Leaphorn looked at the drawer. “You sure iz Juanita’s?”

“Well, Detective, I’m sure Juanita wore it because I have a photograph of her wearing it. And because of the times, I’m almost positive she wove it herself.” He picked up the envelope, opened the flap, and slipped out a piece of paper, a photocopy of a portrait, a second color photo, and a typed sheet.

“Here she is.” The black-and-white reproduction showed a young Juanita, fiercely beautiful, dressed in a biil. Unlike the dress she wore in the famous portrait with her husband, this garment was simpler.

The second photo was a color shot of the dress itself in what looked like a plastic bag.

Leaphorn pulled out his phone and moved his index finger up and down, as though it were on a camera’s shutter. “A pitcher?”

Rafferty shrugged. “Go ahead as long as you promise not to tell anyone where you took it.”

Leaphorn snapped a few shots.

Louisa said, “Why is the biil in that bag?”

“Textiles are prone to insect infestation. The same is true with artifacts that have leather, feathers, anything that a moth or a silverfish might consider edible. It was stored with pesticides to keep it safe.”

Leaphorn frowned.

“Don’t worry, Mr. Detective. I made sure the toxins were removed before I shipped it.” Rafferty replaced the papers, closed the drawer, and led them back through the house.

“One mo question. Insurance?”

“Everything in the house is insured. But the box?” Rafferty sighed. “No. Because I sent it anonymously, I couldn’t insure it. Everything I have ever mailed through the post office from the gallery always has arrived safely. Every time, for more than ten years.” His voice vibrated, and Leaphorn felt the anger. “Everything, I guess, except this precious dress. Was the box damaged when it arrived?”

“No.”

“Then, Mr. Detective and Madame Professor, shipping insurance would not have made a difference. You are dealing with a case of theft.”
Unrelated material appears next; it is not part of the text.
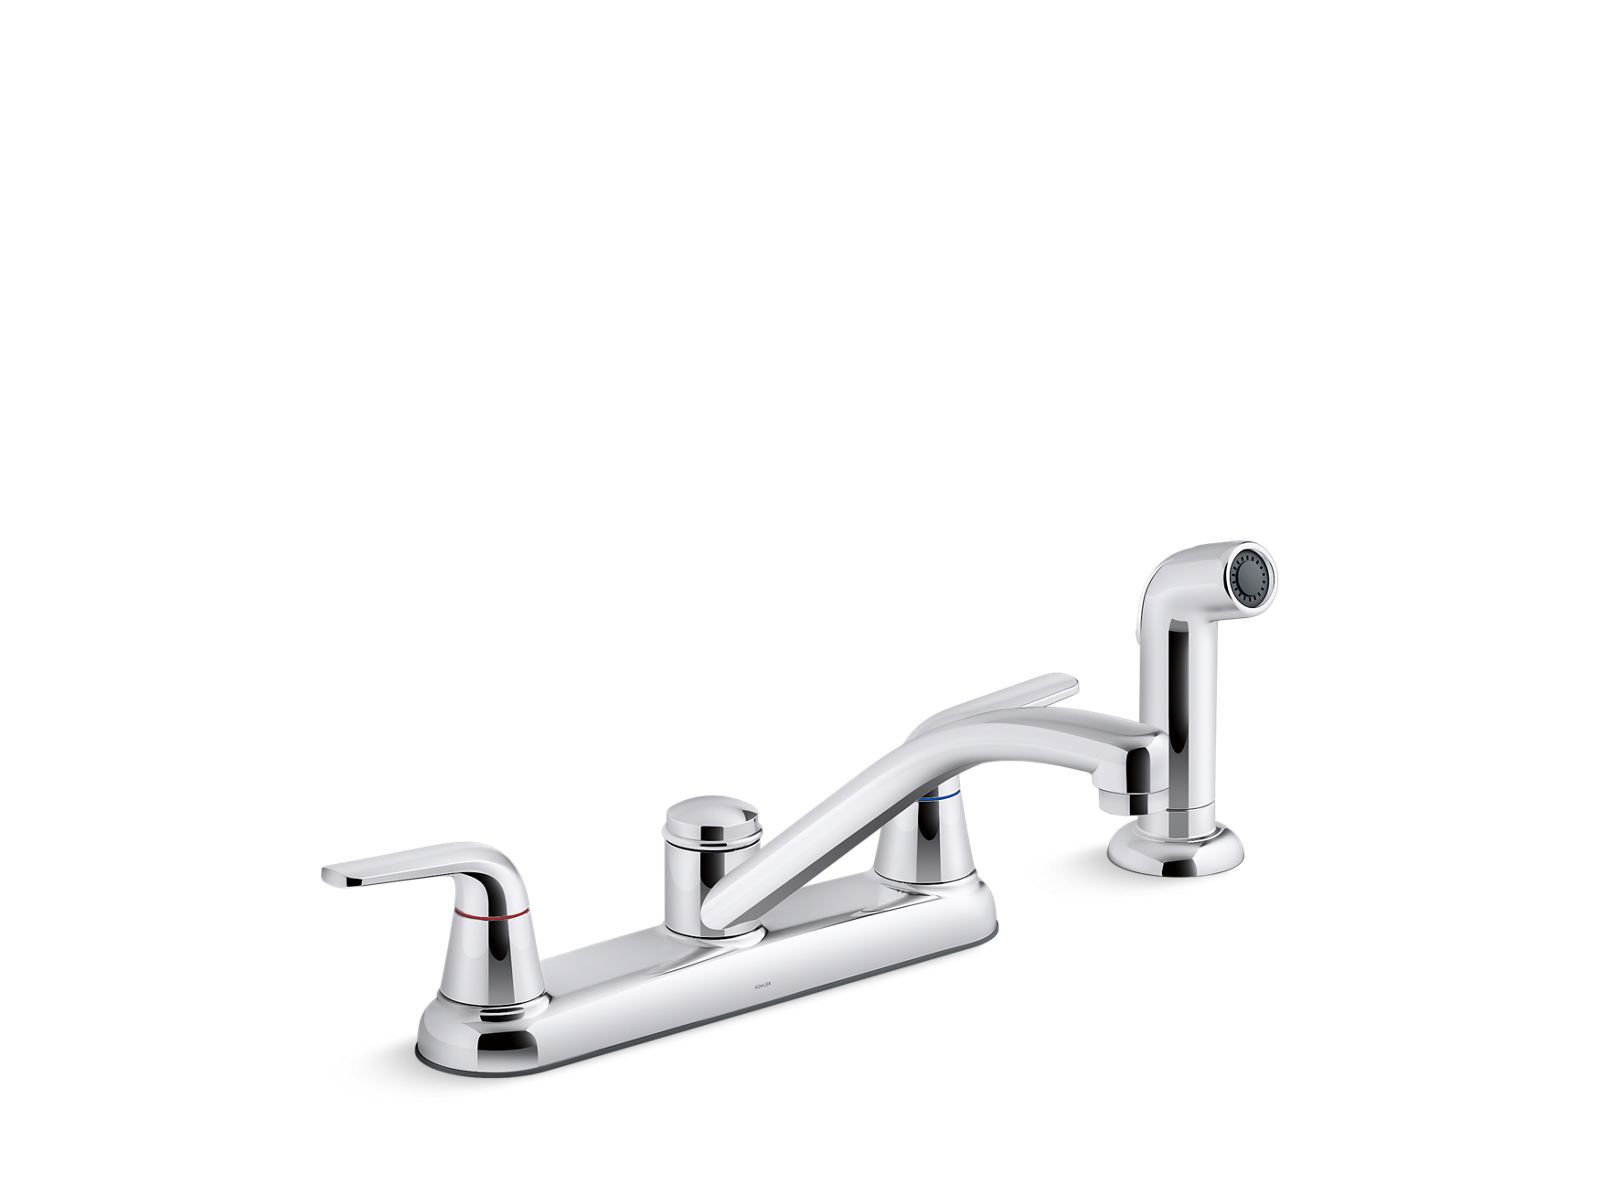 KOHLER K-30616 Jolt Two-handle kitchen sink faucet with side sprayer

As they followed him toward the front door, Leaphorn thought of how to pose a complicated question with the fewest words. “I nee to axe another kestin bout da gifs.”
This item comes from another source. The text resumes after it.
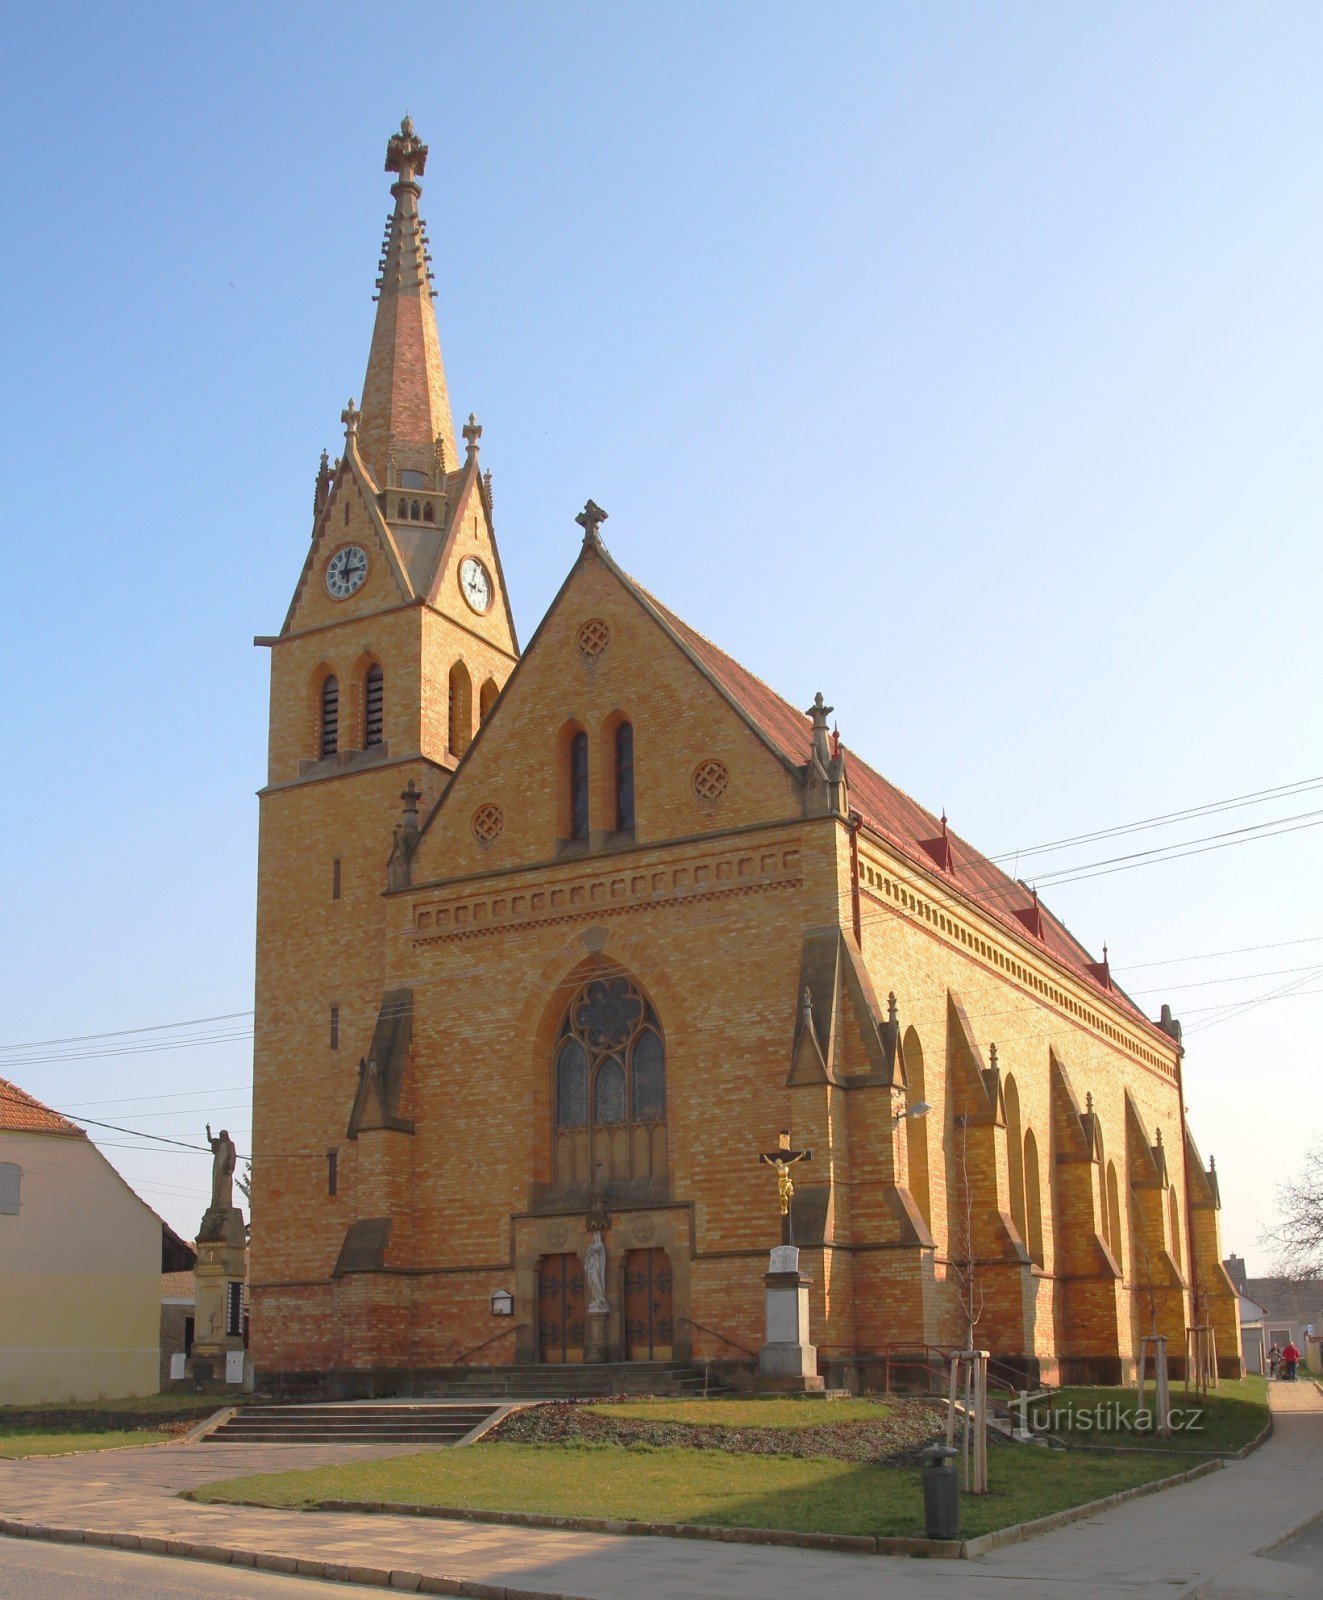 Pogled na crkvu s glavnog ulaza sa sjeverne strane

“Excuse me?” Rafferty frowned. “Was anything else missing?”

“Yes.”

Louisa answered before he could find the words. “A bracelet by a Navajo artist named Peshlakai.”

“I think your friend has a robber on her staff.” Rafferty opened the big front door.

“May we be in touch if the museum has a question about something you’ve sent?”

He hesitated, then extracted a slim black wallet and handed each of them a white business card. “I trust you to protect my anonymity. Understand?”

“Of course.”

Leaphorn nodded slightly and put the card in his pocket.

Rafferty closed the door behind them.

As they drove away, Mary passed them driving the white Mercedes, headed toward the house.

Louisa said, “We’ve got a lot to talk about on the way to Flagstaff.”